# What was your first Dodge plow truck?



## 03sd

Mine was 1974 Dodge Ramcharger 360 and a Meyer 7.5' belt drive sorry no pics this was when we actually had to put film in the camera:waving:


----------



## jjklongisland

Mine was an 84 Ramcharger... Miss that truck everyday... Other than the fact that the carburator sucked and I had to keep the foot on the throttle for 10 minutes until she got up to temperature or she would stall... lol


----------



## MrPLow2011

1987 Dodge 150 faded red with a 318 4 spd and 7.6 speed cast. I loved that truck


----------



## jmac5058

Mine was a 94 CTD it snapped a throttle cable at 3 AM during a raging blizzard with 9400 miles on it.That and 4 transmitions made it my last.


----------



## cwby_ram

MIne was a '95 1500 with a 7.5' Meyers. Good truck.


----------



## 03sd

The one i miss the most was my 90 Ramcharger shoulda kept that one.


----------



## Metro Lawn

Mine wasn't a Dodge at all. It was a Plymouth. 1976 Trail Duster with a factory Meyer. Found a pic of one like it.


----------



## 03sd

Metro Lawn;1437887 said:


> Mine wasn't a Dodge at all. It was a Plymouth. 1976 Trail Duster with a factory Meyer. Found a pic of one like it.


We had a 77 Trail Duster 225 slant six and a four speed didn't have a plow on that one she wasn't fast but it was fun to drive.


----------



## jjklongisland

Metro Lawn;1437887 said:


> Mine wasn't a Dodge at all. It was a Plymouth. 1976 Trail Duster with a factory Meyer. Found a pic of one like it.


I hope you didnt have air horns on the hood like that one... lol


----------



## DAFFMOBILEWASH

Here is my first... A 1993 W350 4x4 gasser. Still think about this one all the time. Wish I would of kept it and put in a Cummins.....


----------



## DAFFMOBILEWASH

Another I miss alot. It was an 01.5 CTD 2500 Sport edition, not the best on fuel but sounded awsome.


----------



## THEGOLDPRO

had a 90 w350 pickup with a cummins, Was a great truck till the frame snapped from the rust and overloaded salter.. looked just like this one.


----------



## polplow

1971 power wagon w200 with 7.5 meyer belt drive, 318 4 spd. loved that truck


----------



## V_Scapes

DAFFMOBILEWASH;1438122 said:


> Here is my first... A 1993 W350 4x4 gasser. Still think about this one all the time. Wish I would of kept it and put in a Cummins.....

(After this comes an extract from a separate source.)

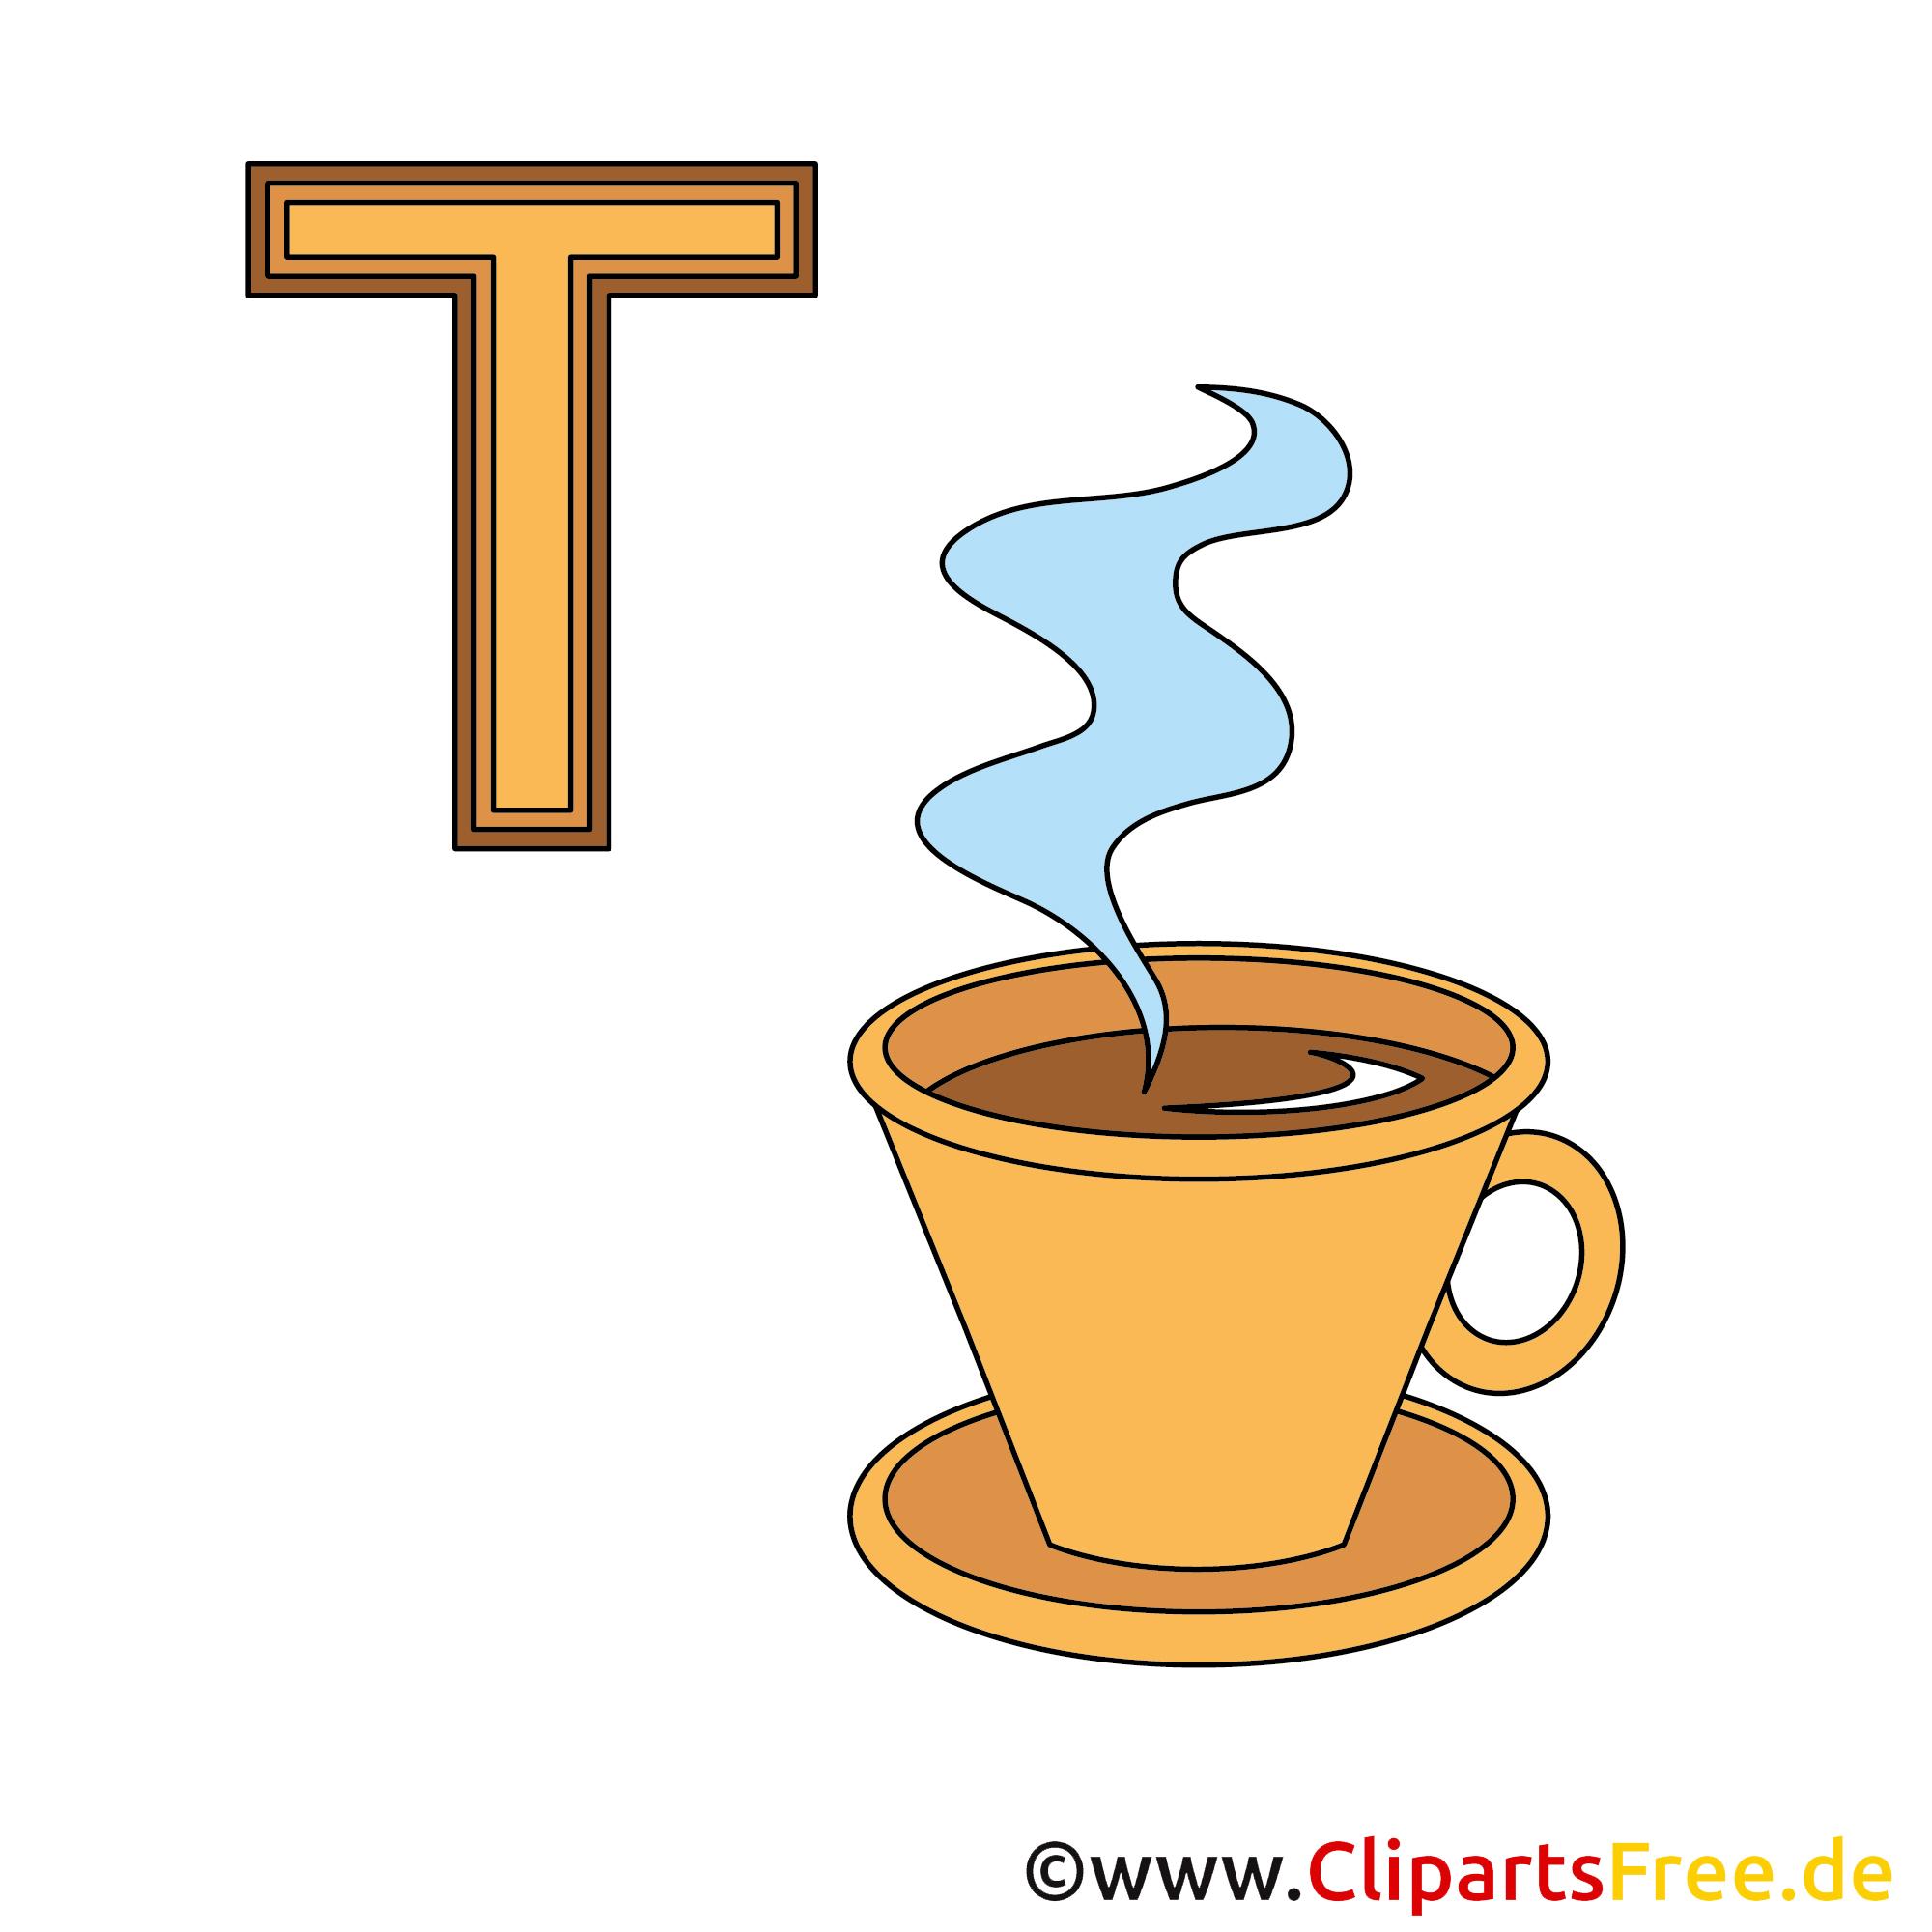 Deutsches Alphabet - Tasse Bild

Sick truck. Never seen one like it.


----------



## cpmi

1983 W 250 with a Meyer 7.5. Had a 318 4 barrel. Great truck-but very thirsty!


----------



## wideout

cpmi;1438204 said:


> 1983 W 250 with a Meyer 7.5. Had a 318 4 barrel. Great truck-but very thirsty!


Had the same truck but a 150 with a western and yes it was thirsty. Bought it off my grandpa after his stroke and the doctors told him he was no longer allowed to drive. Man that pissed him off


----------



## sno commander

84 w-250 318/727 fisher belt driven pump with a meyers blade


----------



## Banksy

The one I have now.


----------



## blk90s13

DAFFMOBILEWASH;1438125 said:


> Another I miss alot. It was an 01.5 CTD 2500 Sport edition, not the best on fuel but sounded awsome.


What do you drive now that is better on fuel ?

my first dodge plow truck is a 02 2500 CTD


----------



## DAFFMOBILEWASH

All CTD diesels are good on fuel. The second gens24(15mpg) valve ho's are a little more harsh on fuel where the 06 and p pumpd 12 valvers are about the same 20mpg. 

The biggest dictation on fuel milage is i the gearing. Manuals with 3.23's are the best. Anything with 4.10 rear ends will eat fuel.


----------



## cwby_ram

DAFFMOBILEWASH;1438376 said:


> All CTD diesels are good on fuel. The second gens24(15mpg) valve ho's are a little more harsh on fuel where the 06 and p pumpd 12 valvers are about the same 20mpg.
> 
> The biggest dictation on fuel milage is i the gearing. Manuals with 3.23's are the best. Anything with 4.10 rear ends will eat fuel.


He's right, geared 4.10 is thirsty. I'm really lucky if I see 15.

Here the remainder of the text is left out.